_Exercise prompt_. Reproduce every entry word for word. Drop all pictures from the copy.

(Dataset records)
☆ ☆ ☆ ☆ ☆ ☆ ☆

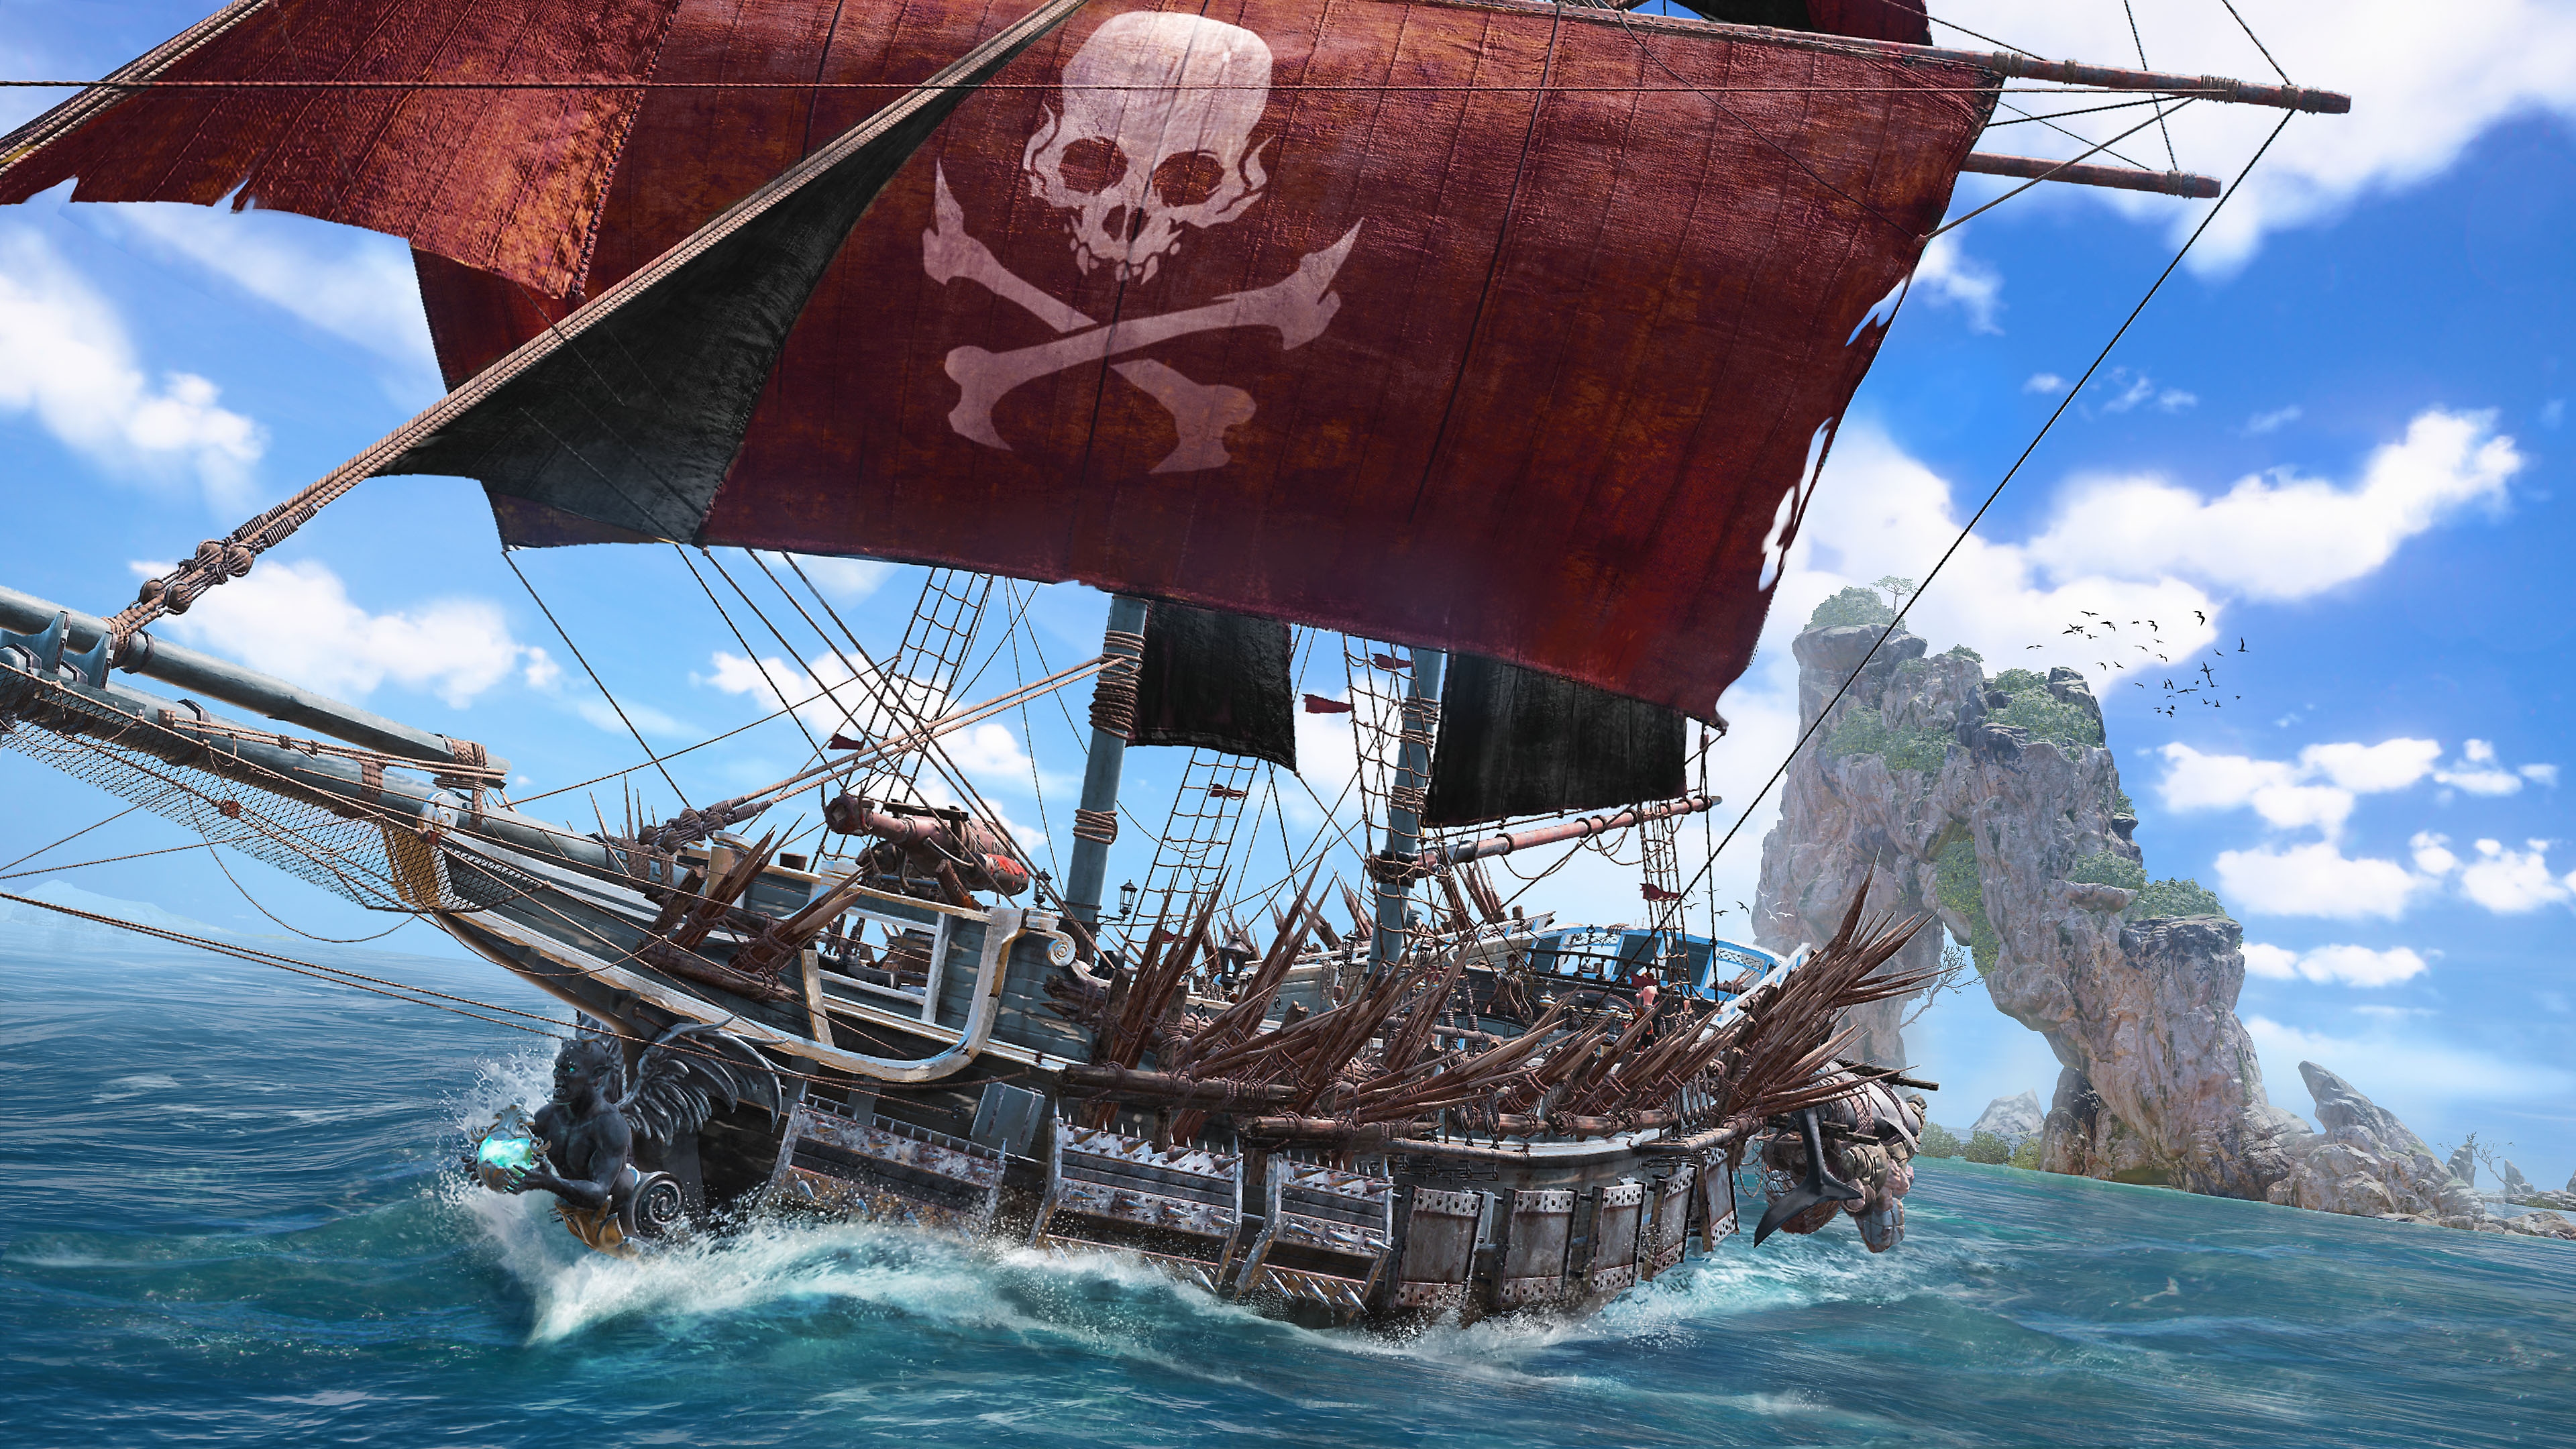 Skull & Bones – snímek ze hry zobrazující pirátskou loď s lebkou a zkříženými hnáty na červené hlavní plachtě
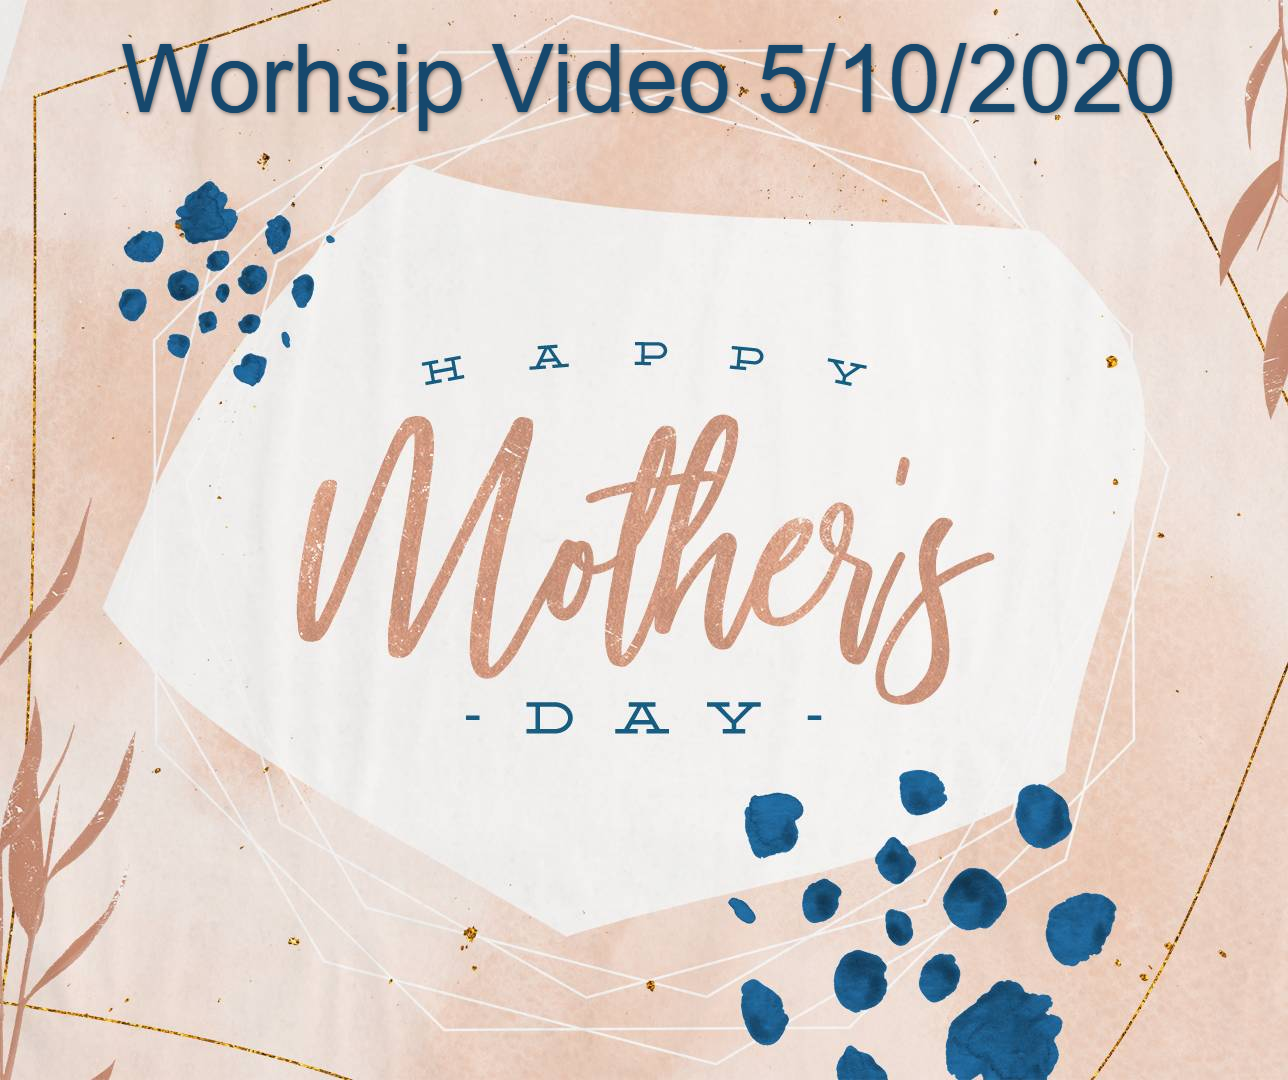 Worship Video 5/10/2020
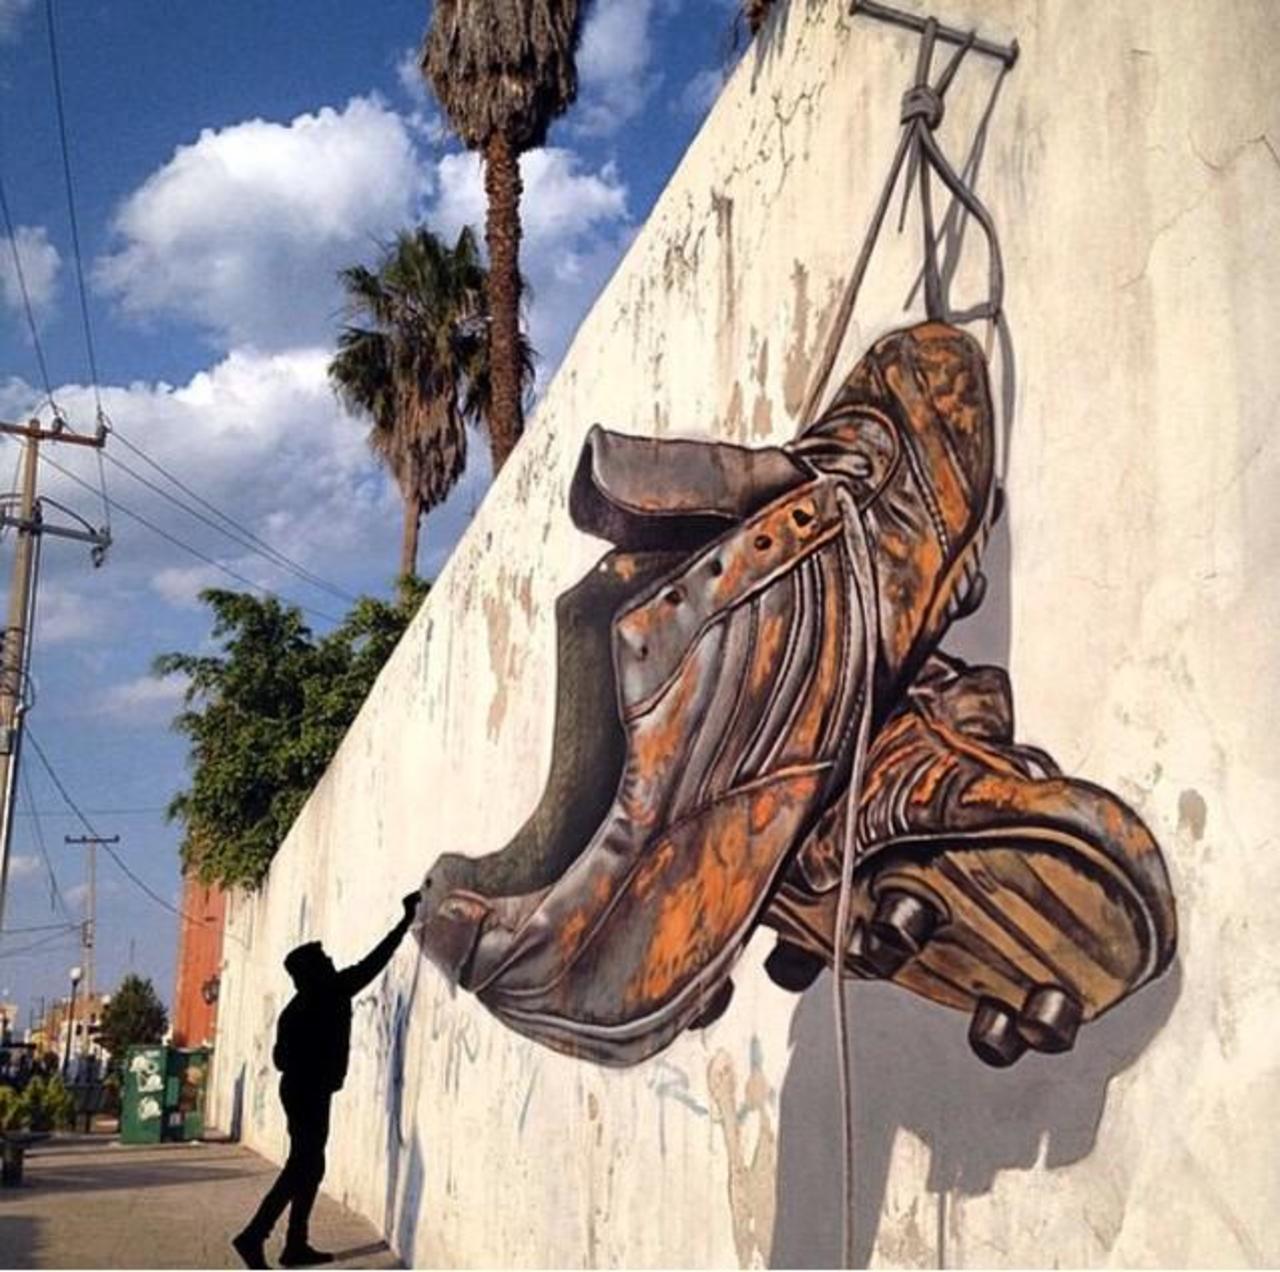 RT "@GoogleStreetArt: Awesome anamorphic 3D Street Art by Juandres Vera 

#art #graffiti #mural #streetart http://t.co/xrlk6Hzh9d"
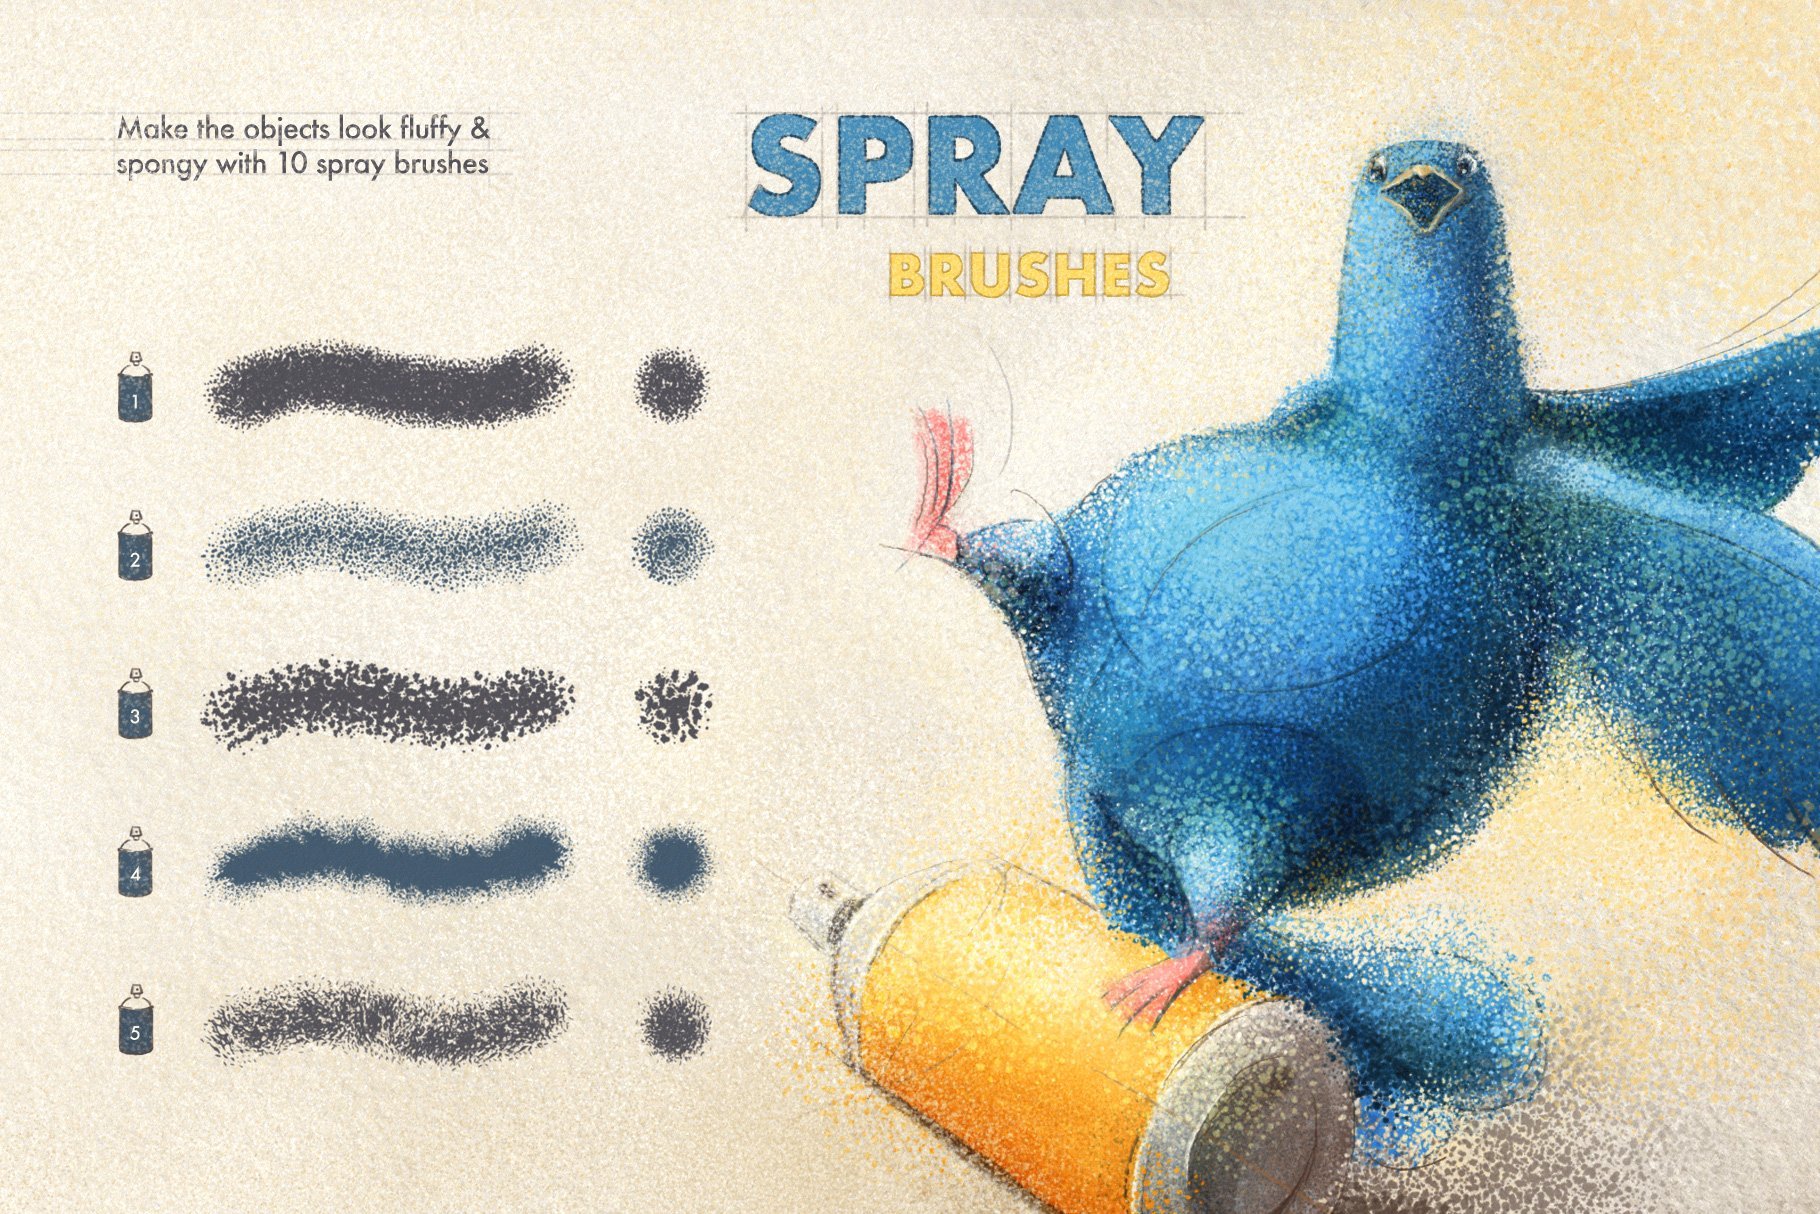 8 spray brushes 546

☆ ☆ ☆ ☆ ☆ ☆ ☆

_Solution for this exercise_.
 Skull & Bones – snímek ze hry zobrazující pirátskou loď s lebkou a zkříženými hnáty na červené hlavní plachtě
 Worship Video 5/10/2020
 RT "@GoogleStreetArt: Awesome anamorphic 3D Street Art by Juandres Vera 

#art #graffiti #mural #streetart http://t.co/xrlk6Hzh9d"
 8 spray brushes 546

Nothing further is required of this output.